Conselheiros passaram 1/3 do ano em resorts, congressos e até Portugal, com diárias de até R$ 3,4 mil/dia, enquanto recebiam salários milionários
Os conselheiros do Tribunal de Contas do Estado de Roraima (TCE-RR) passaram até um terço dos dias úteis de 2024 longe da corte, participando de eventos que variam de congressos internacionais a lançamentos de livros. Tudo isso custeado pelos cofres públicos. O total gasto com ajuda de custo para viagens da cúpula chegou a quase R$ 1 milhão, revelando um padrão de despesas que levanta questionamentos sobre eficiência e prioridades.
Enquanto estavam ausentes, os sete conselheiros acumularam remunerações totais de R$ 14,7 milhões no ano passado, incluindo salários, penduricalhos e bônus retroativos. A missão do TCE é fiscalizar o uso adequado dos recursos públicos pelo governo estadual, municípios e outras instituições. No entanto, os próprios gastos do tribunal chamam atenção por sua magnitude e frequência.
Entre os compromissos externos destacam-se viagens para Portugal, resorts de águas termais em Foz do Iguaçu e cerimônias em Brasília. Em setembro, três conselheiros passaram até 11 dias em um seminário em Portugal, com custo total de R$ 108 mil. No mesmo mês, eles receberam R$ 3,9 milhões em salários e benefícios.
Outro exemplo é o encontro anual dos tribunais de contas realizado em novembro em um resort de luxo em Foz do Iguaçu. Seis integrantes do TCE-RR participaram do evento, que foi promovido “sobre a maior fonte de águas termais do planeta”. O custo? R$ 94 mil.
Ainda houve espaço para celebrar os cem anos do TCE de São Paulo, com quatro conselheiros viajando à capital paulista em maio. Essa viagem custou R$ 44,5 mil aos cofres públicos.
Desde junho de 2024, o valor das diárias aumentou 14%, aprovado pela própria cúpula do tribunal. Atualmente, conselheiros recebem R$ 3.482 por dia em viagens internacionais e R$ 2.534 para deslocamentos nacionais. Para contextos locais, como uma ida ao município de Cantá, a apenas 30 minutos de Boa Vista, o valor é de R$ 844.
O “campeão” de diárias em 2024 foi o conselheiro Bismarck Dias de Azevedo, que recebeu R$ 269 mil. Ele ficou 78 dias úteis fora da corte, emendando um curso no Rio de Janeiro com um congresso no Panamá. O custo dessa sequência de viagens ultrapassou R$ 49 mil.
Além das diárias, os conselheiros têm direito a 160 dias de ausência por ano, sendo 60 de férias e 10 de descanso mensal. Na prática, muitos optam por vender essas folgas, elevando seus salários sem incidência de Imposto de Renda ou respeito ao teto constitucional de R$ 46 mil mensais.
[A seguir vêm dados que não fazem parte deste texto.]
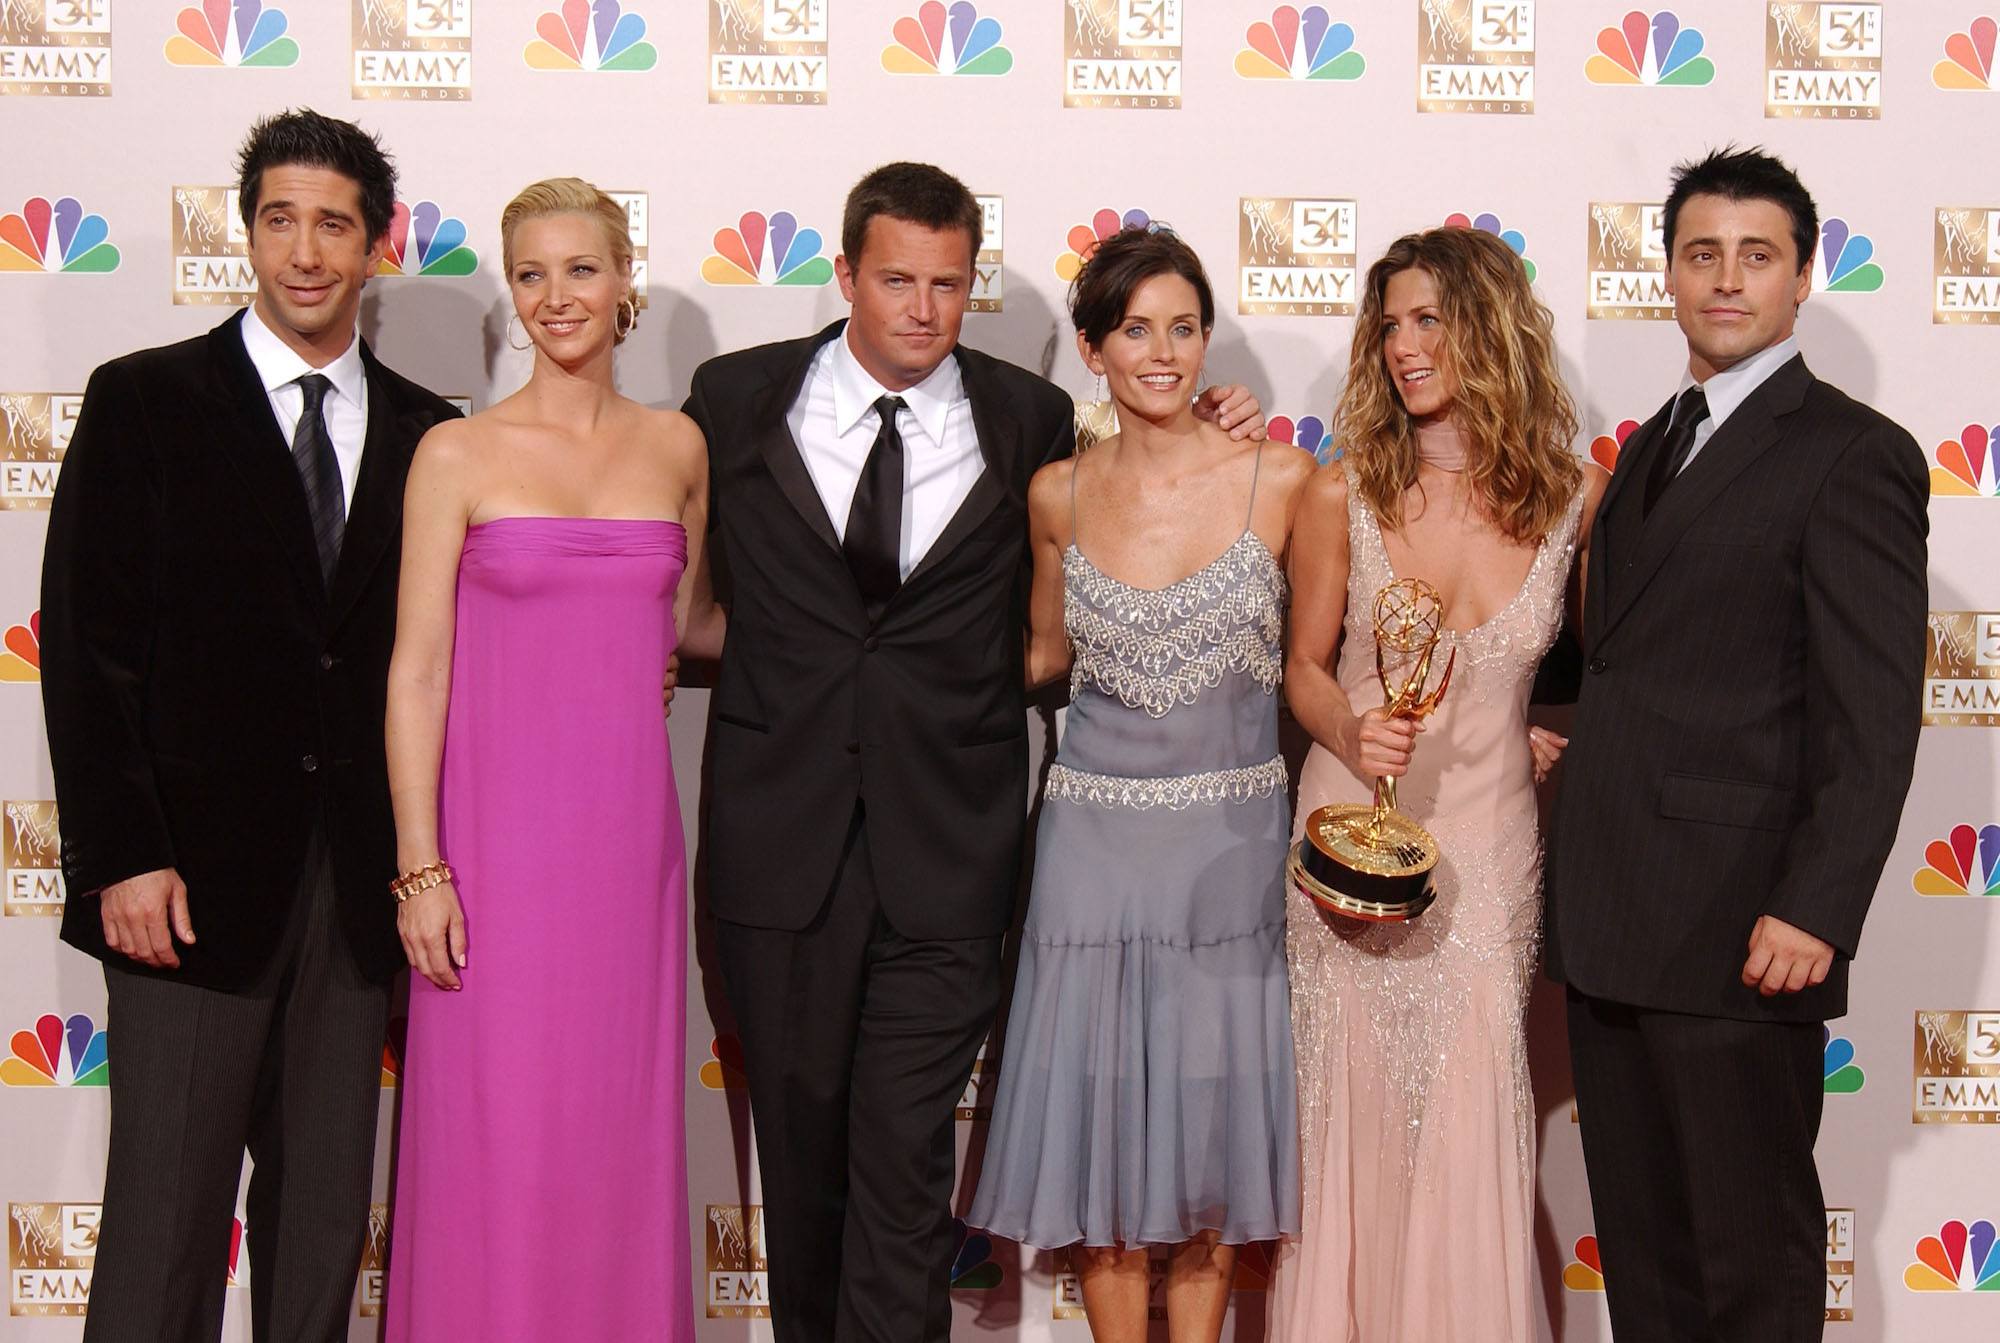 David Schwimmer, Lisa Kudrow, Matthew Perry, Courteney Cox, Jennifer Aniston and Matt LeBlanc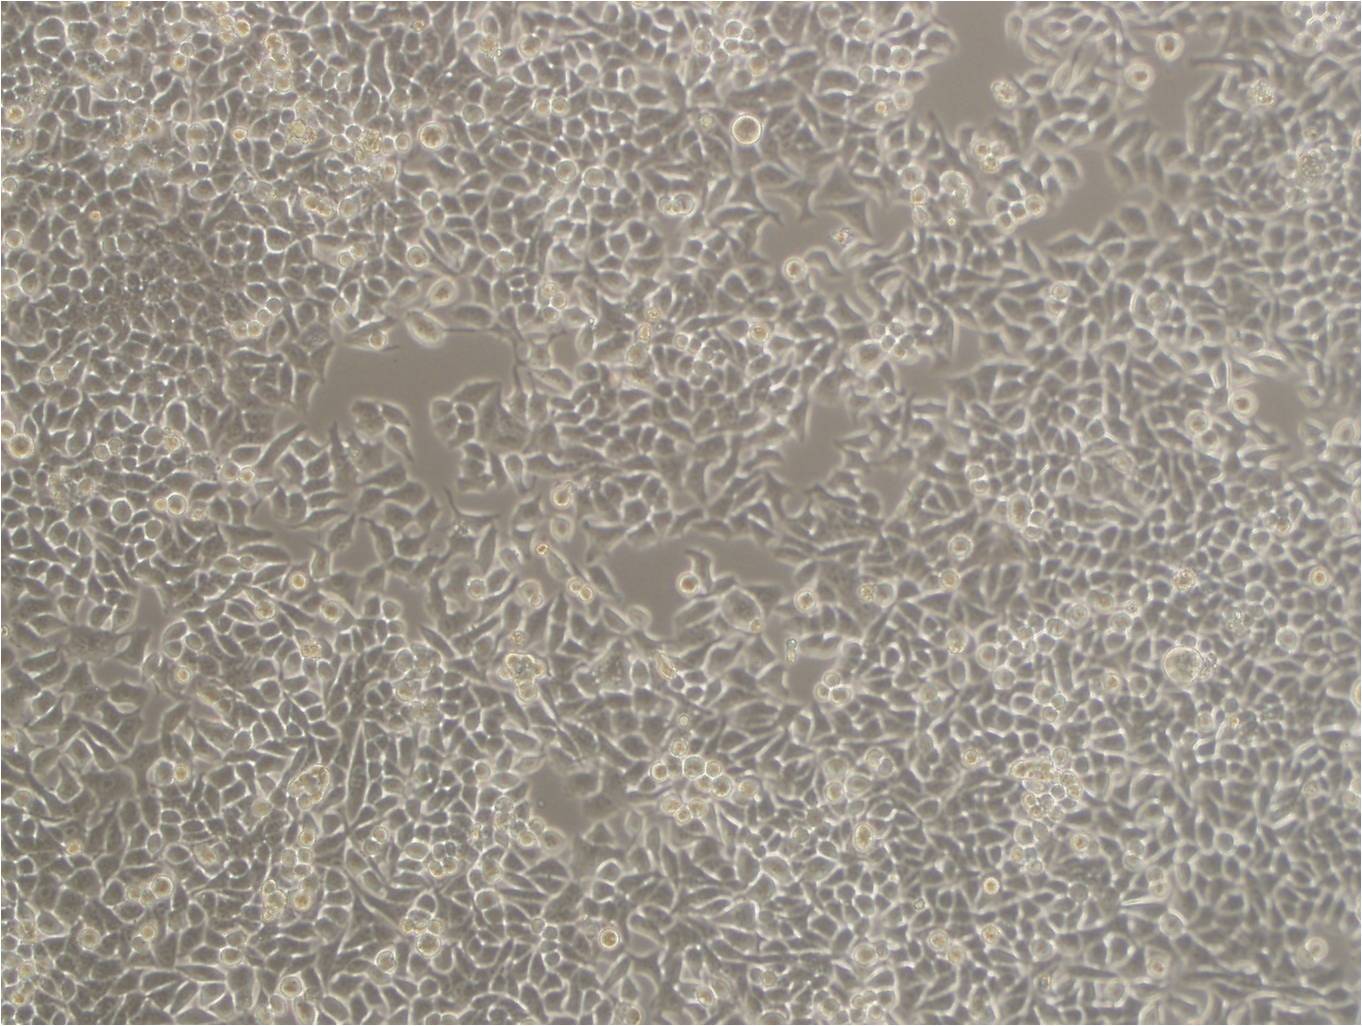 NPA epithelioid cells人甲状腺乳头状癌细胞系,NPA epithelioid cells

Em setembro, o tribunal gastou R$ 6,7 milhões para comprar folgas retroativas a 2015. Segundo especialistas, essa prática pode configurar um desvio de finalidade, especialmente quando vinculada a interpretações legais que desconsideram limites constitucionais.
Para Renato Morgado, diretor de Programas da Transparência Internacional, há “claro excesso” nos gastos do TCE-RR. Ele alerta para o risco de má utilização de recursos, o que compromete a credibilidade pública e a eficácia do órgão.
“Embora a participação em eventos e capacitações seja importante, a frequência e os valores envolvidos indicam um possível desperdício de recursos”, afirma Morgado. Ele sugere que o tribunal fortaleça normas internas, amplie a transparência e dialogue com a sociedade para evitar abusos.
A ausência prolongada dos conselheiros levanta dúvidas sobre a capacidade do TCE-RR de cumprir sua principal função: fiscalizar o uso correto do dinheiro público. Com metade do ano operando com apenas seis dos sete conselheiros — após o afastamento de Joaquim Pinto Souto Maior Neto pelo Superior Tribunal de Justiça (STJ) —, o tribunal enfrenta desafios estruturais e éticos.
Souto Maior, conhecido como “Netão”, recebeu R$ 17 mil em diárias mesmo após ser afastado temporariamente em maio de 2024, sob investigação por desvio de verbas da Secretaria de Estado da Saúde.
Os números apresentados revelam um paradoxo preocupante: enquanto o TCE-RR deveria garantir a correta aplicação dos recursos públicos, seus próprios gastos estão sob escrutínio. A combinação de altas remunerações, diárias generosas e benefícios especiais cria um cenário propício para críticas e desconfiança.
A sociedade espera que órgãos de controle sejam exemplos de responsabilidade fiscal. No caso do TCE-RR, parece haver muito trabalho a fazer para reconquistar a confiança da população e demonstrar que o dinheiro dos contribuintes está sendo usado de forma justa e eficiente.